*** Stored data Section Begins ***

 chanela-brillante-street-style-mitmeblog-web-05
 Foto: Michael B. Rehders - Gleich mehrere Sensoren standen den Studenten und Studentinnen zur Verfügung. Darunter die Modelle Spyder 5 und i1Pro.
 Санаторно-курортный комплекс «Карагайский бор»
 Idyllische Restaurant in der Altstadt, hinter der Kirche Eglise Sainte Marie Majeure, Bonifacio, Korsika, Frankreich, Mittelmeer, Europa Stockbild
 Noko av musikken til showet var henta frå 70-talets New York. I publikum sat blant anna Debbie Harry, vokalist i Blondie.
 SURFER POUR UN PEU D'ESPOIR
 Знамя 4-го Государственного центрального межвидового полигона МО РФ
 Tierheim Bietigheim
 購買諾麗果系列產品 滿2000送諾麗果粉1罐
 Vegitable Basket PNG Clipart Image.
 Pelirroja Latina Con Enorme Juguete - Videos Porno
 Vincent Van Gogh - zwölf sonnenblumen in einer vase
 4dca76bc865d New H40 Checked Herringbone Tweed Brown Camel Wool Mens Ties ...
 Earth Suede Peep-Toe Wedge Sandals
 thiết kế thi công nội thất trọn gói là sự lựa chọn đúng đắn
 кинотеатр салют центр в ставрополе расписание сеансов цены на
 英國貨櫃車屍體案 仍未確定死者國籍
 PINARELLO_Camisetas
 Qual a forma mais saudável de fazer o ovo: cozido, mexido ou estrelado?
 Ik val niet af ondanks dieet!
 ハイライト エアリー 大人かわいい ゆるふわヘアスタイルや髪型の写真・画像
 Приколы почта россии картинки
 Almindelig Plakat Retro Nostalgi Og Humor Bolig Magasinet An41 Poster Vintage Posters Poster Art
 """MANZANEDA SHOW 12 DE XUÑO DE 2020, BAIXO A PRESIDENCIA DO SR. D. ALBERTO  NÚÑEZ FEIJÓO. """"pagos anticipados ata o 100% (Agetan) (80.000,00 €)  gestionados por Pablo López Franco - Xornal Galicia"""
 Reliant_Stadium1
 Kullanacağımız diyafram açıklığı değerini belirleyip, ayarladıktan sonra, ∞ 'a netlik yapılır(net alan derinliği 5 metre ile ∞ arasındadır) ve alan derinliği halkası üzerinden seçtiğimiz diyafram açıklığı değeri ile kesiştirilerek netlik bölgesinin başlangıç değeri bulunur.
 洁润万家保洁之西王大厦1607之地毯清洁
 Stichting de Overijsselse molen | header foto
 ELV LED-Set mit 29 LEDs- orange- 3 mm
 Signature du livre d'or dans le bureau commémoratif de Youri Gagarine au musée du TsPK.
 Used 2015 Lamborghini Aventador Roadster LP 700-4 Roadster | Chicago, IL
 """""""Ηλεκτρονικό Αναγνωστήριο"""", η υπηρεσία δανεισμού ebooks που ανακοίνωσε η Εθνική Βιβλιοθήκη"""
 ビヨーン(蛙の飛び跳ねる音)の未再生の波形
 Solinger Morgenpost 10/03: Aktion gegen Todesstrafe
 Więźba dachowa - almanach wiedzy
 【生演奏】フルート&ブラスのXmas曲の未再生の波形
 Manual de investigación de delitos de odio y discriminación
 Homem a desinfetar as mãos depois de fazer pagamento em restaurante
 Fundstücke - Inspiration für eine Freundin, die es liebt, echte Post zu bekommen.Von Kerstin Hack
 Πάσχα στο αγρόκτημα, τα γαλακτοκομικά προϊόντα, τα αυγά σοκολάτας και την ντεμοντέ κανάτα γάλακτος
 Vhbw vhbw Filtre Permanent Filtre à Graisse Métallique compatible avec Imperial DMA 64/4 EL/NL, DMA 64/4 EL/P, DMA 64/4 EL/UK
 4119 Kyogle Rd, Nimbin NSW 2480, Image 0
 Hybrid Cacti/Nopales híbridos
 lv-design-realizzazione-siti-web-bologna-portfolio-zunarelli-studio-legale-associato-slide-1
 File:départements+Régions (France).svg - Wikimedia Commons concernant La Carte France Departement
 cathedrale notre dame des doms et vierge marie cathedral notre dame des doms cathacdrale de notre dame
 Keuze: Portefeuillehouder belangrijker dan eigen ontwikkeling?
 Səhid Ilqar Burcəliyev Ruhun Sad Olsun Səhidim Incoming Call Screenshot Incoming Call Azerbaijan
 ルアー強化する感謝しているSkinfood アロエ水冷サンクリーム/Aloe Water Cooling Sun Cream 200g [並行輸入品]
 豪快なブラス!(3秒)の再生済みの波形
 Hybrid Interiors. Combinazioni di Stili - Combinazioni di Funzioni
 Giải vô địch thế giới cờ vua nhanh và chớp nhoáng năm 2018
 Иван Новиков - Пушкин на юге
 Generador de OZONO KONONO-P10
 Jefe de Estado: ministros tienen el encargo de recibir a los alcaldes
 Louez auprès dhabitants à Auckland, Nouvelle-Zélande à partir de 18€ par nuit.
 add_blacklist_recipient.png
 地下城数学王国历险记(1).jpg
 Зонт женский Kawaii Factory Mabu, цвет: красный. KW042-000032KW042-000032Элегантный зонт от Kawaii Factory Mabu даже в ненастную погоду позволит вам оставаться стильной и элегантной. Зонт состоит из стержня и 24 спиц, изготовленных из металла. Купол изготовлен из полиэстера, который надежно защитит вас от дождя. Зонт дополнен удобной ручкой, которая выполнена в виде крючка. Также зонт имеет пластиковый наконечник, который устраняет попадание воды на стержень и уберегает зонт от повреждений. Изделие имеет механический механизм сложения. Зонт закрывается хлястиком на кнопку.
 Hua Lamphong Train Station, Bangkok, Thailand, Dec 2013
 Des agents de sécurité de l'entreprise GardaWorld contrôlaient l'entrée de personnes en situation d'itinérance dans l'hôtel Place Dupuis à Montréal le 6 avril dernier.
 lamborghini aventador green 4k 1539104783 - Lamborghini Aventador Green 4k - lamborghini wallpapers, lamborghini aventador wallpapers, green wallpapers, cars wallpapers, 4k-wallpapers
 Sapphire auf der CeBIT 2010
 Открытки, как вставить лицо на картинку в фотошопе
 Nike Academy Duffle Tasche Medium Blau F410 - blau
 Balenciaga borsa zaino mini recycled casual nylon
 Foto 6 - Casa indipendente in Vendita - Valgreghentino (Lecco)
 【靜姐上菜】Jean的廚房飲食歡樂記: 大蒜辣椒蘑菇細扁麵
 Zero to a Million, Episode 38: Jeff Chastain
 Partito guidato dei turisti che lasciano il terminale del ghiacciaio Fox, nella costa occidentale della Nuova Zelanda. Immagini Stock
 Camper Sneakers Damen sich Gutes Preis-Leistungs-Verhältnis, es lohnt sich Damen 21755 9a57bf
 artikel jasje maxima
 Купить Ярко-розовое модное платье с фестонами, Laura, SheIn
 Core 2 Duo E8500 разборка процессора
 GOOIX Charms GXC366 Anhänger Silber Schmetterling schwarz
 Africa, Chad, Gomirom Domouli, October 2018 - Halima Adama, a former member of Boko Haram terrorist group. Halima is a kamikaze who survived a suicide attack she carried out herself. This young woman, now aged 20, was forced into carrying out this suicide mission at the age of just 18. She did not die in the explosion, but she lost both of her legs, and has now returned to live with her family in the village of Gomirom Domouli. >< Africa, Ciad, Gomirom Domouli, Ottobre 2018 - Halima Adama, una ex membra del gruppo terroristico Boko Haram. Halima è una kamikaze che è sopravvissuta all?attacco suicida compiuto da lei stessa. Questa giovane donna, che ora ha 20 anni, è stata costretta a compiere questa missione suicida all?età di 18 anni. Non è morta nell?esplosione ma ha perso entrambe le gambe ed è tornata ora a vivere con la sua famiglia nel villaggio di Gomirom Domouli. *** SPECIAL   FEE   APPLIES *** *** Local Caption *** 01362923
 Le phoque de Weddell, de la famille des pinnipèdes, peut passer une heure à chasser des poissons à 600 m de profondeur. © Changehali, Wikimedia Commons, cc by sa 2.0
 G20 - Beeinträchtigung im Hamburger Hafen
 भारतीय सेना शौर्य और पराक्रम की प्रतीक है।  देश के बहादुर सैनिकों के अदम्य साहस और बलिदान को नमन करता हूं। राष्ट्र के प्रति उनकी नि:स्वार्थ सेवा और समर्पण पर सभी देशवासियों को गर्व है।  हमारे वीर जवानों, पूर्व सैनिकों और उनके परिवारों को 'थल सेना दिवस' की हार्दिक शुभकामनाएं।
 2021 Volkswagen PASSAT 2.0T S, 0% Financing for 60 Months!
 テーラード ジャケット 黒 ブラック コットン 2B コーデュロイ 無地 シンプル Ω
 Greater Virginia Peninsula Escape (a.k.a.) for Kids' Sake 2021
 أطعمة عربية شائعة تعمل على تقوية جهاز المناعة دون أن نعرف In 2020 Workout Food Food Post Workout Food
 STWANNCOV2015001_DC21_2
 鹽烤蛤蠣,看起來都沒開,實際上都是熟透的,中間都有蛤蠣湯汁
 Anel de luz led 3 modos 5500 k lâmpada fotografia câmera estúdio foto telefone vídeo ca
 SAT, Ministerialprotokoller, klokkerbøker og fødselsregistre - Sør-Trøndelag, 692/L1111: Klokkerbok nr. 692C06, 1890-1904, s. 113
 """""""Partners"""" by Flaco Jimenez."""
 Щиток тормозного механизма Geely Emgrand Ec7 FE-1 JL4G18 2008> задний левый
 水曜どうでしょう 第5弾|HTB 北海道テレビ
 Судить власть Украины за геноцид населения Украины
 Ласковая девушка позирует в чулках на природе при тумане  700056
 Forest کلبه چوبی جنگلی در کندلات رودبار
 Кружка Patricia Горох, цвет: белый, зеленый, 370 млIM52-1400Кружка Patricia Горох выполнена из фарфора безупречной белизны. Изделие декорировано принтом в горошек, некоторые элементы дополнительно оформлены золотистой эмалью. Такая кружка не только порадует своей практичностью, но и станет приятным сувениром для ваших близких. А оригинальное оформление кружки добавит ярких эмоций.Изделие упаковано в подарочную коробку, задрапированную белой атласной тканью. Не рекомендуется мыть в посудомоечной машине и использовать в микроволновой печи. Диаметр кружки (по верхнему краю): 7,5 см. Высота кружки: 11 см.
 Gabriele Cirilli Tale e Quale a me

*** Stored data Section Ends ***

What the exercise asks => The lines from the one holding "鹽烤蛤蠣,看起來都沒開,實際上都是熟透的,中間都有蛤蠣湯汁" to the final line of the entries, both included, are what should be output, exactly and alone.

Task solution =>
 鹽烤蛤蠣,看起來都沒開,實際上都是熟透的,中間都有蛤蠣湯汁
 Anel de luz led 3 modos 5500 k lâmpada fotografia câmera estúdio foto telefone vídeo ca
 SAT, Ministerialprotokoller, klokkerbøker og fødselsregistre - Sør-Trøndelag, 692/L1111: Klokkerbok nr. 692C06, 1890-1904, s. 113
 """""""Partners"""" by Flaco Jimenez."""
 Щиток тормозного механизма Geely Emgrand Ec7 FE-1 JL4G18 2008> задний левый
 水曜どうでしょう 第5弾|HTB 北海道テレビ
 Судить власть Украины за геноцид населения Украины
 Ласковая девушка позирует в чулках на природе при тумане  700056
 Forest کلبه چوبی جنگلی در کندلات رودبار
 Кружка Patricia Горох, цвет: белый, зеленый, 370 млIM52-1400Кружка Patricia Горох выполнена из фарфора безупречной белизны. Изделие декорировано принтом в горошек, некоторые элементы дополнительно оформлены золотистой эмалью. Такая кружка не только порадует своей практичностью, но и станет приятным сувениром для ваших близких. А оригинальное оформление кружки добавит ярких эмоций.Изделие упаковано в подарочную коробку, задрапированную белой атласной тканью. Не рекомендуется мыть в посудомоечной машине и использовать в микроволновой печи. Диаметр кружки (по верхнему краю): 7,5 см. Высота кружки: 11 см.
 Gabriele Cirilli Tale e Quale a me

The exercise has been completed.